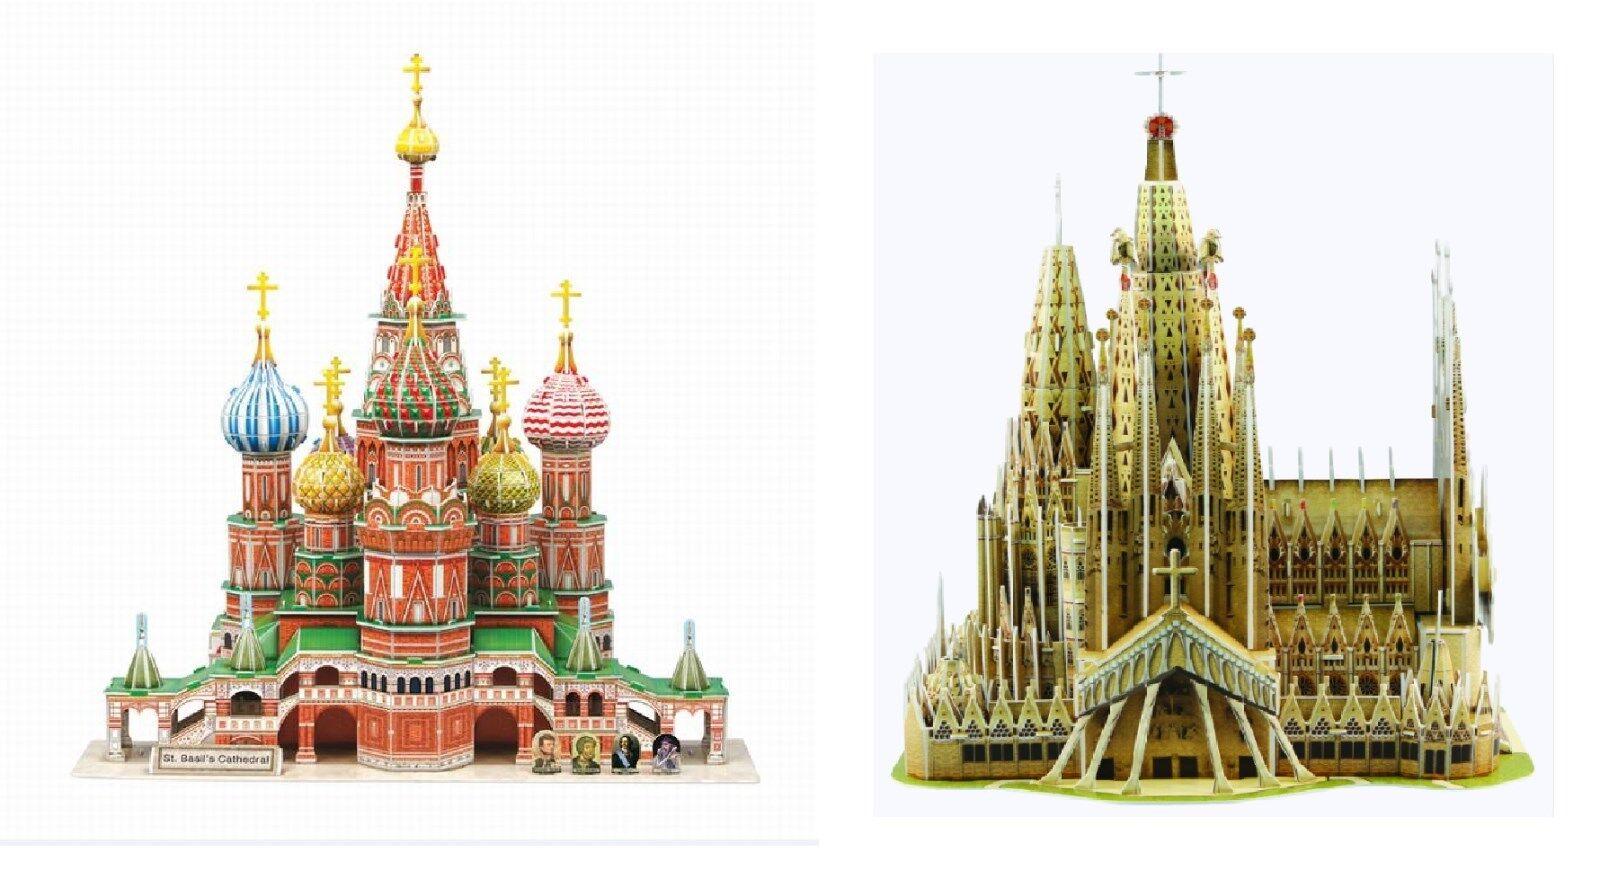 2 pcs 3d - puzzles st. die firma ba lis kathedrale sagrada familia basilika bildung diy +
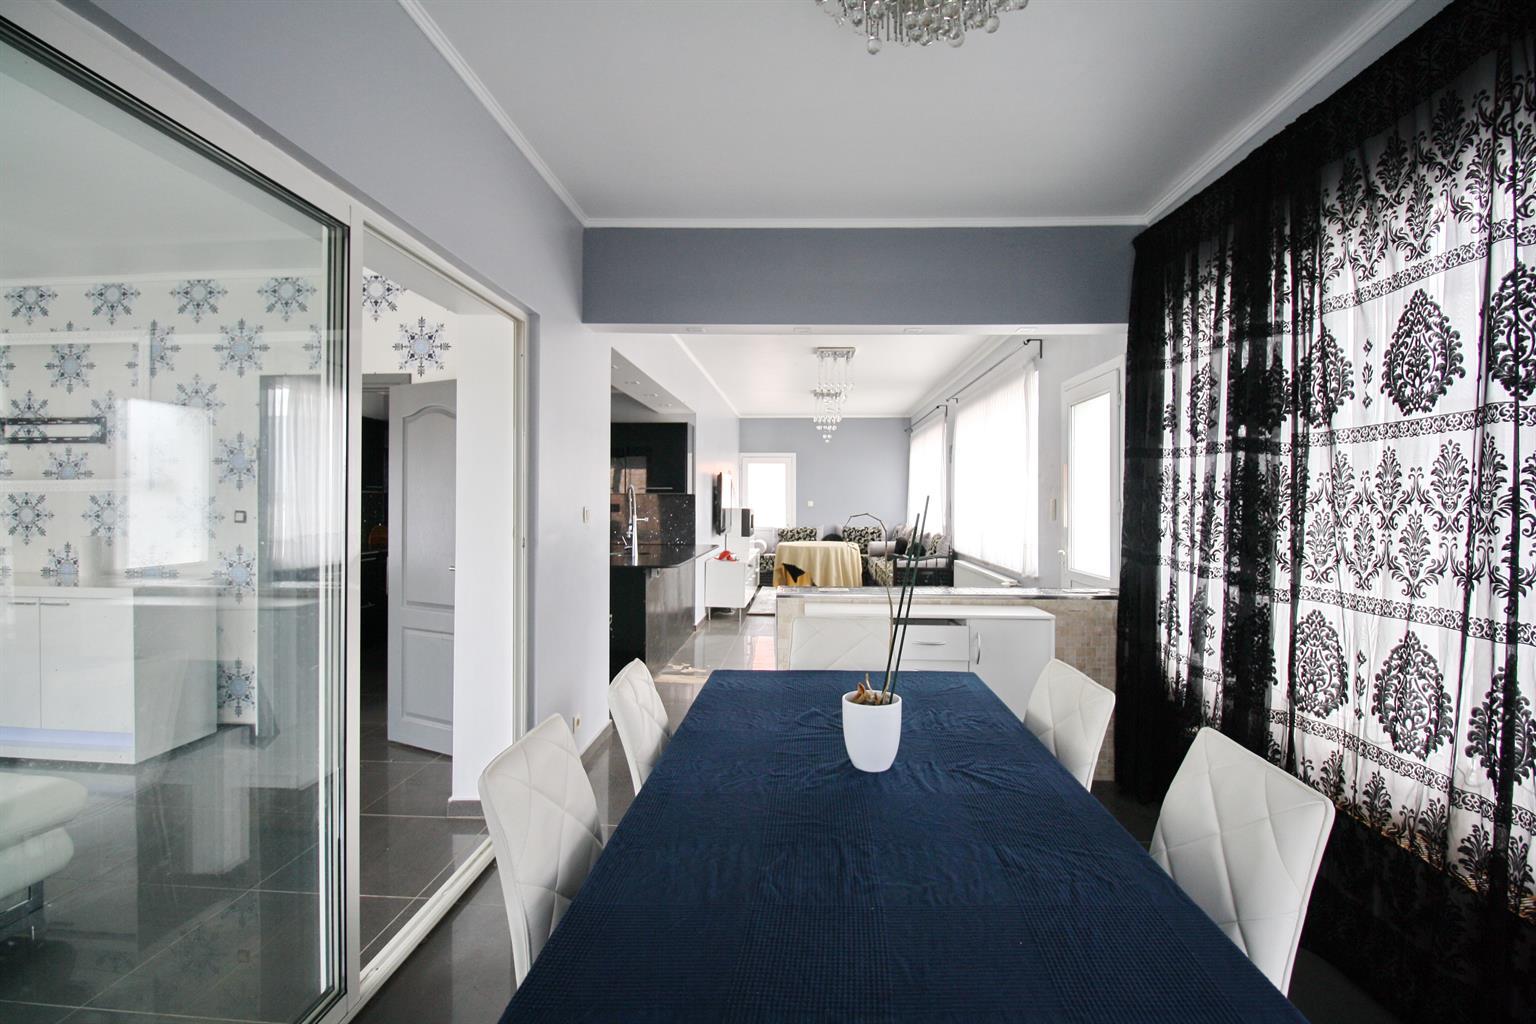 Maison - Roosdaal - #4363070-4
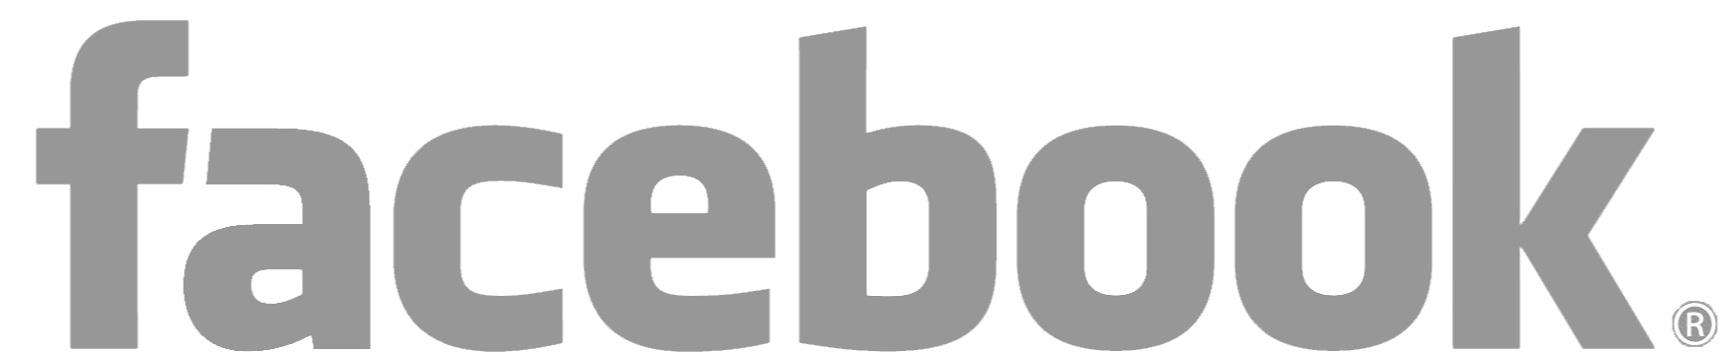 logo-facebook-png-hd-12.jpg

- _WHAT THE TASK ASKS_
This task calls for an exact copy of the data above, without pictures.

- _WRITTEN ANSWER_
 2 pcs 3d - puzzles st. die firma ba lis kathedrale sagrada familia basilika bildung diy +
 Maison - Roosdaal - #4363070-4
 logo-facebook-png-hd-12.jpg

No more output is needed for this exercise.